Donnerstag, 19. April 2012

32 Tradis an einem Tag veröffentlicht

In meiner Homezone (28km) wurden gestern 32 neue Tradis veröffentlicht. Mag sein das dies in Ballungszentren normal ist, aber am Rande des Hochsauerlandkreises ist das schon sehr viel. Da wird einem bewusst wieviel Arbeit die Reviewer an manchen Tagen haben. Offenbar hatten die Reviewer sich vorgenommen die FTF Jäger in Wallung zu versetzen. ;-)
Wenn das so weiter geht wird es in 2-3 Jahren in meiner Homezone keine cachefreie Stelle geben.

Dienstag, 3. April 2012

Amüsante write note

Gestern bekam ich folgende write note bei einem T5 Baum.

Log Date: 4/2/2012
Gefunden! aber da T5 Bewertung nicht dran gekommen!

Schade! Konnte mich natürlich nicht loggen...


Hätte er vorher das Listing gelesen, hätte er gewusst das man in an in 10 m Höhe liegende Dosen nicht dran kommt. ;-)

Donnerstag, 23. Februar 2012

Kleine Anfrage beim Landtag NRW

Bei der Recherche über Geocaching in der Politik, bin auf das geocaching NRW Portal gestoßen.
Dort wird über eine kleine Anfrage beim Landtag NRW berichtet. Offenbar benutzt das zuständige Ministerium den Geoclub und diverse Blogs als Infoquelle.
Bedenklich ist dabei der Abschnitt: So kommt es vor, dass Geocacher sich bei der Cache-Suche abseits der Wanderwege verletzen. Ebenso stören Geocacher immer häufiger die Rückzugsgebiete heimischer Wildtierarten. Da das Geocaching immer beliebter wird, und das Suchen nach „caches“ abseits von Waldwegen immer interessanter und aufregender zu werden scheint, ist von einer im Vergleich zum klassischen Spaziergänger oder Wanderer erhöhten Umweltbelastung beim Geocaching auszugehen.

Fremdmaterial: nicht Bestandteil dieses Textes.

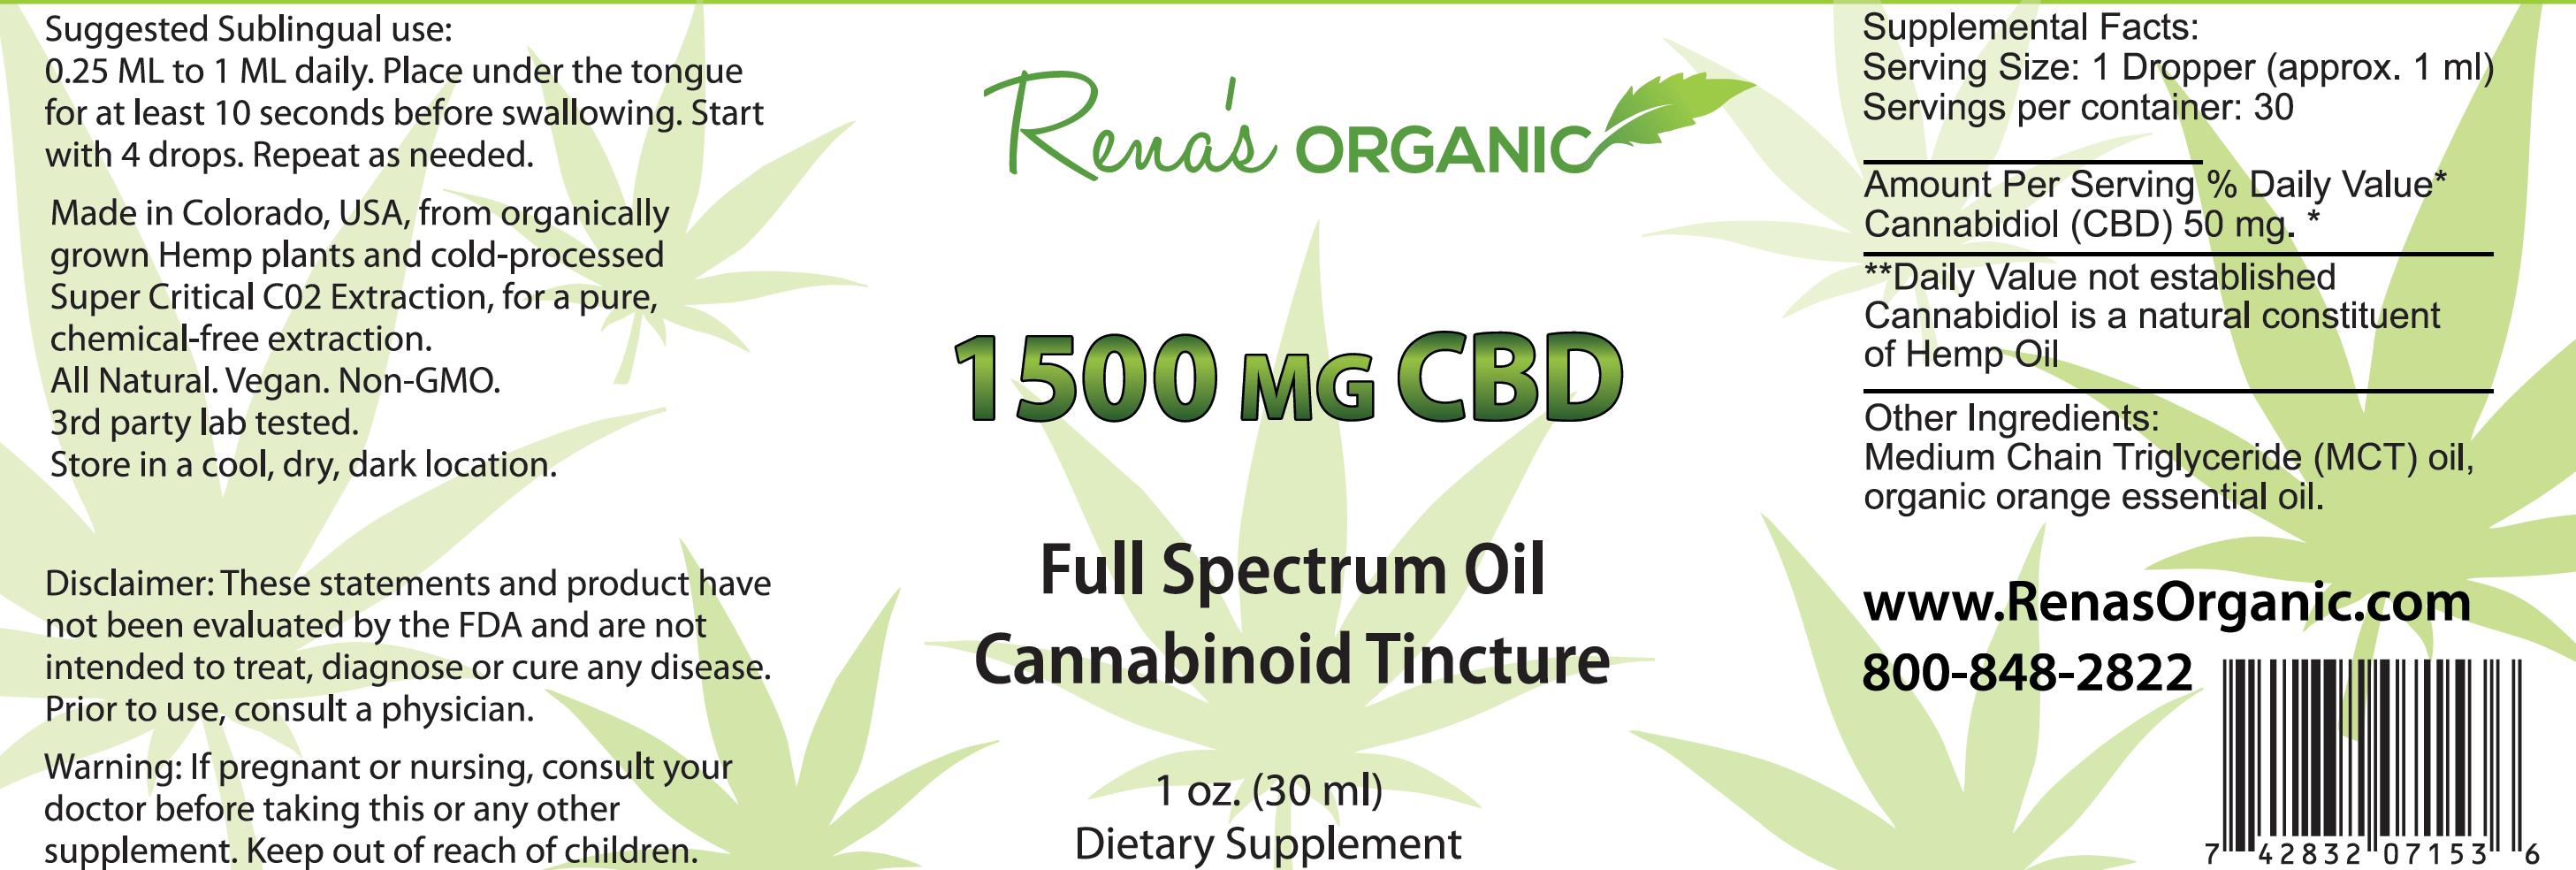 1500 mg CBD tincture

Da scheint sich die Meinung festzusetzen dass Geocacher lieber abseits von Wegen unterwegs wären. Dabei ist nur ein sehr kleiner Teil der Geocache, welche ich kenne querfeldein zu suchen. Und dies ist dann auch meist illegal. Ich finde es als problematisch das sich das Umweltministerium, offenbar mangels Alternativen, Artikel aus der grünen Hölle und von Blogschreibern als Quelle bemüht. Eine solche Recherche ist in diesem Fall nicht positiv für unser Hobby.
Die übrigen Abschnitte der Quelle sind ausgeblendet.